El filósofo español Savater comentó una vez que la pedantería es una deformación laboral del académico. El maestro no pierde ocasión de corregir los “horrores” ortogr5áficos o la manera de hablar del alumno, muy metido en la manera de expresarse de la calle, y que no ha sido debidamente disciplinado en las maneras de la escuela. Esa “violencia simbólica” del maestro puede despertar no pocos resentimientos, que, tal vez, se expresan mucho más tarde, cuando el alumno crece y se convierte en poderoso burócrata arrogante y hasta presidente poderoso, victorioso en todas las batallas..
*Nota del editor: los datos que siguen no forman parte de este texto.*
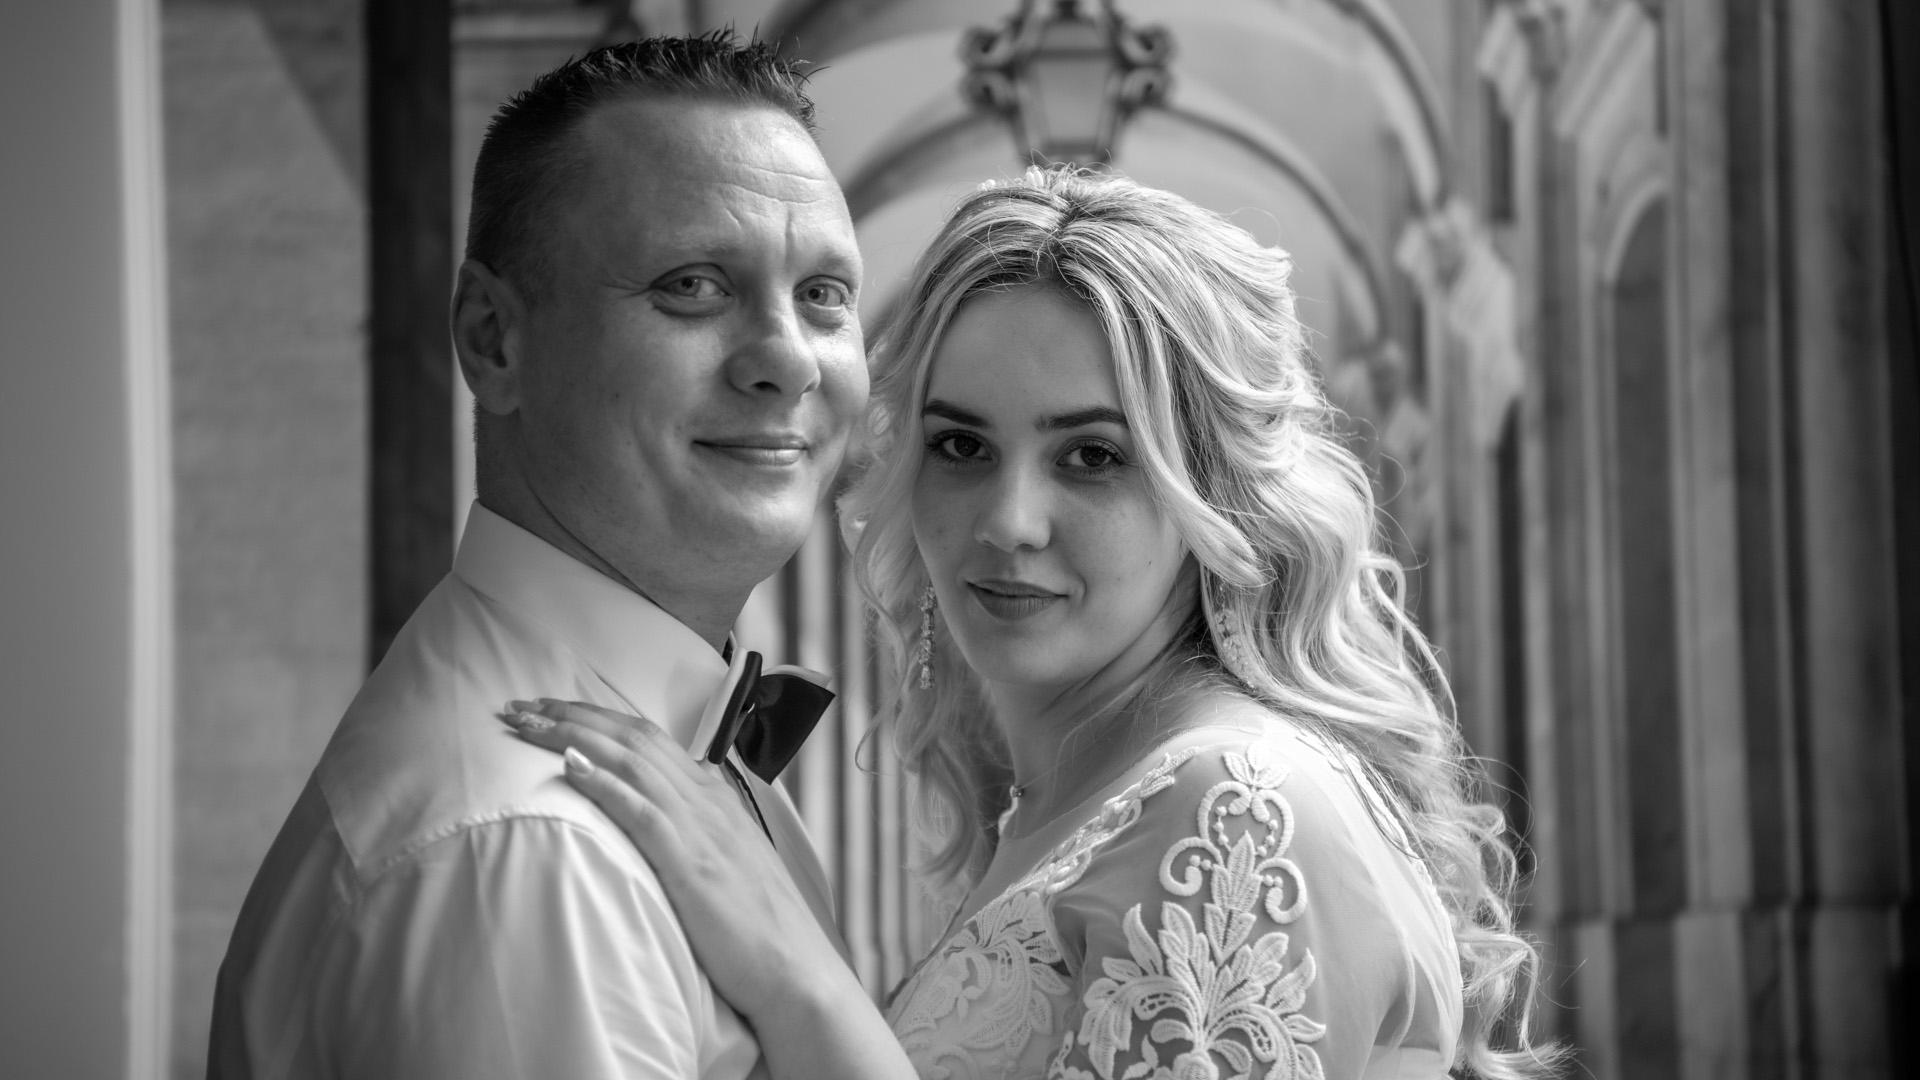 vwesele - fotograf ślubny - fotografia ślubna - zdjecia podczas wesela

Pero esa actitud antipática del maestro o académico no explica ni justifica, la violencia simbólica contra los intelectuales por parte del político práctico, del burócrata satisfecho de sí mismo y su nueva posición, mucho menos del político que llega a un cargo como resultado de un reparto entre distintas tribus de alacranes.
El leninismo, con su “ideología introducida desde fuera de la clase” y su “partido de disciplina férrea”, tal vez no sea sino una elaboración o generalización abusiva de la experiencia de unos intelectuales, Marx y Engels, en el seno de una organización obrera, donde los trabajadores tal vez no habían podido tantos libros como los autores del Capital y otras delicias bibliográficas, y necesitaban tener una teoría de su explotación. Con esto quiero decir, que los intelectuales siempre son necesarios para cualquier movimiento político. La cuestión es que Marx, Engels, y sobre todo, el propio Lenin, siempre intentaron combinar su rol de dirigentes políticos con el de pen sadores, o sea, itnelectuales, cuestión nada fácil, en realidad.
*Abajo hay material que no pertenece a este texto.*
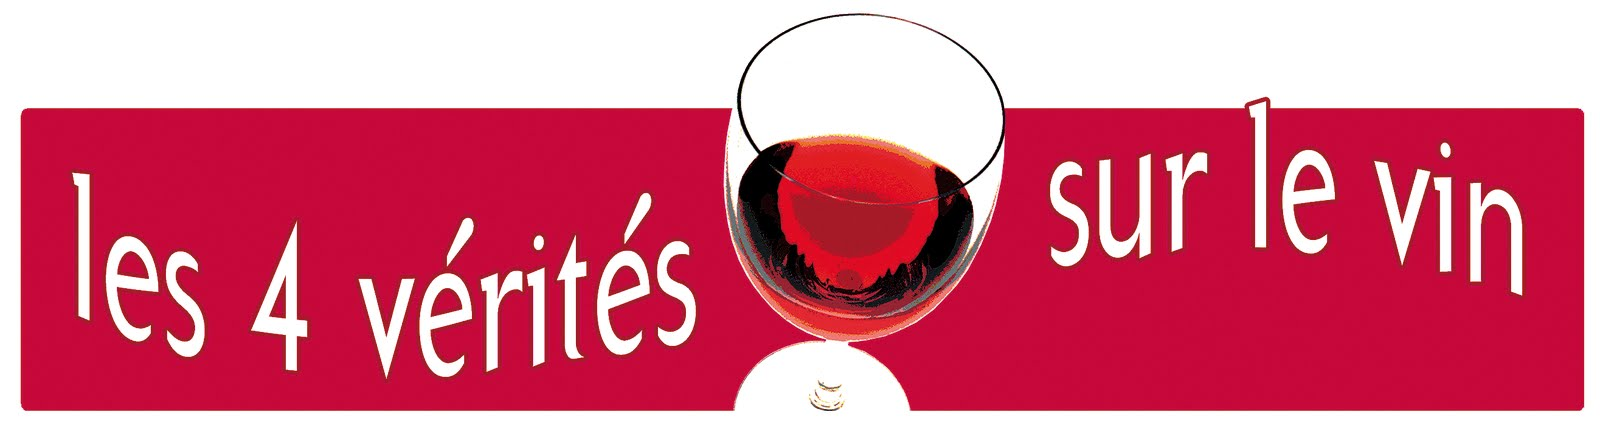 Les 4 vérités sur le Vin

El desprecio hacia los intelectuales explica la actitud un tanto adulante, justificadora, condescendiente, es decir, el rol de “ideólogos” en el peor sentido de la palabra (es decir, excusadores, justificadores, alcahuetes) de algunos intelectuales que pagan el precio de sus discursos apologéticos, a cambio de su supervivencia y la posibilidad de hacer tímidas críticas, en formas muy indirectas de decirles a sus jefes: “Cónchale, jefe, creo que están pelando”.
Demás está decir que la arrogancia del burócrata ignorante es muy mal ejemplo. Prefiero un maestro que corrija mi manera de escribir, que un funcionario que escriba un artículo adulante con aires de épica histórica. En todo caso, aplaudo la decisión de invertir en el cine nacional, así sea reproduciendo la ideología de “Venezuela heroica”, porque es un pasito en la línea cultural que debiera haber: estimular con todas las fuerzas las industrias culturales nacionales: cine, TV, radio, música, teatro, etc.